Andrew Bird reimagines a song from World War I

guitarthumbiconThe typical rock cover tune takes the form of faithful homage: a loving tribute to a favorite songwriter or an important influence. At best, this kind of cover opens a window into an artist’s formative aesthetics, and draws a through line between a contemporary and his or her predecessors; at worst, it’s plodding, dull, and unimaginative, too caught up in being respectful to be interesting. Then there’s the novelty cover, in which a band takes an ironic crack at an uncool or highly unexpected source: a punk version of a Barry Manilow tune, or a bluegrass take on the Ramones. This kind of cover rarely rises above the level of a wisecrack: it’s kind of funny in passing, but also predictable and usually entirely forgettable.

A better approach to the cover tune is to avoid the dual traps of over-easy irony and over-earnest tribute by aiming instead at reinterpretation. One of the best reinterpretive covers I’ve heard recently is Andrew Bird’s version of the 1918 pop hit “How ‘Ya Gonna Keep ‘Em Down on the Farm,” which he released, slightly retitled as “How You Gonna Keep ‘Em Down on the Farm,” on his 2008 EP Soldier On. The original version, with lyrics by Sam M. Lewis and Joe Young, and music by Walter Donaldson, was recorded by a number of popular performers in the years immediately following World War I. You can hear a version recorded by Harry Fay in 1918 here, via You can read the lyrics on the same site, and also at Time Portal To Old St. Louis, which puts the song’s publication date at 1919 rather than 1918.

In the song, a couple argue with one another about whether their sons will return home to the farm now that World War I has come to an end. When the wife expresses her happiness at the thought of her boys coming home, her husband, Reuben, replies, “How ’ya gonna keep ’em, down on the farm / After they’ve seen Pa-ree?” He suggests that “They’ll never want to see a rake or plow,” and (amusingly and absurdly) asks her, “And who the deuce can parleyvous a cow?” The wife’s reply is that you can take the boy from the farm, but you can’t take the farm from the boy: “Once a farmer, always a jay /And farmers always stick to the hay.”
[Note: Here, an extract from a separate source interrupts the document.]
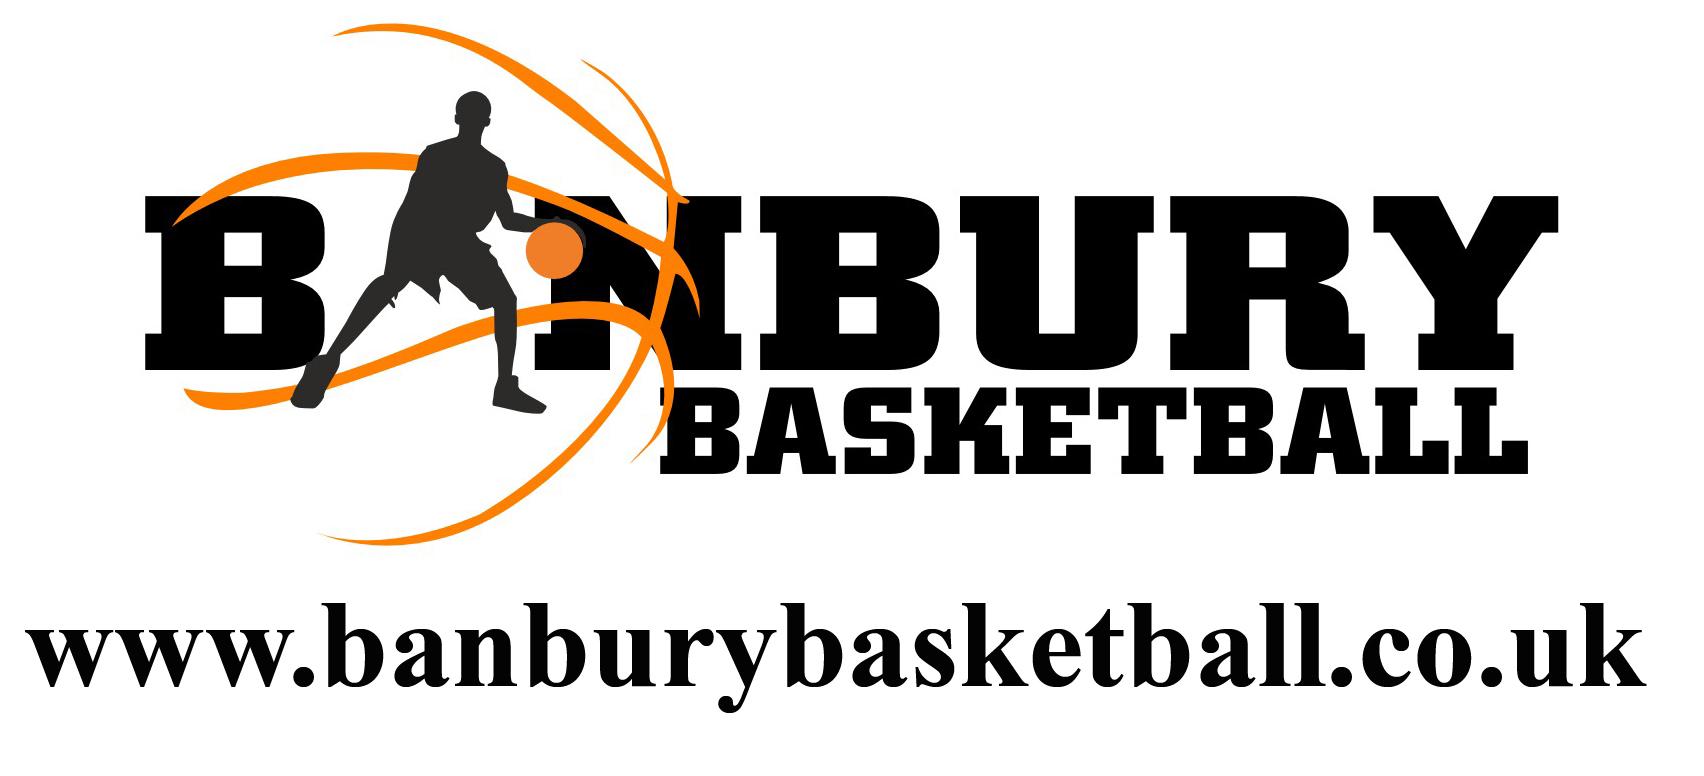 Banbury Basketball

Fay’s 1919 version of the tune bounces along amiably, treating the lyric (which is sometimes quite silly) as a lighthearted joke. His performance is all humor and showmanship, without a trace of either sentimentality or seriousness. Bird, on the other hand, decides to take the lyrics fully in earnest, and transforms the song into a slow and mournful folk ballad. Though he follows the original lyric closely, he reworks the melody dramatically, and both his vocal performance and arrangement come off as utterly sincere. As a result, the humorous novelty pop hit becomes something much sweeter, sadder, and richer. Bird’s vocal poignantly captures the sadness of a parent who recognizes that her grown-up children won’t be coming home again, and her fear for their well-being and safety now that they’re beyond her protection (“How ya gonna keep ’em away from harm,” Bird sings in the chorus, with both nervousness and world-wise resignation). At the same time, you can hear a parent’s pride and joy in her sons’ independence, and the understanding that it’s time to let go.

Released in 2008, Bird’s version also taps into the ninety years of American history that has elapsed since “How Ya Gonna Keep ‘Em Down on the Farm” was originally published. In Bird’s hands, the song also becomes a lament for the slow death of American rural culture. We now know that the husband in the song is absolutely right: over the course of the 20th century, almost every farmer’s son and daughter did indeed leave the farm, and resettled in the cities and the suburbs. Part of what’s great about Bird’s rendition is that it doesn’t display much nostalgia: his vocal delivery treats the lure of the city seriously, and admits both the pleasures of modern life and the sadness of the increasingly few people who’ve stayed behind and remained a part of rural culture. Bird (who lives in both Chicago and rural Illinois) doesn’t judge the parents for staying or the children for leaving; instead, he goes after the idea of what it feels like as the world changes around you, becoming a different place (for better or worse) than the one you’ve loved.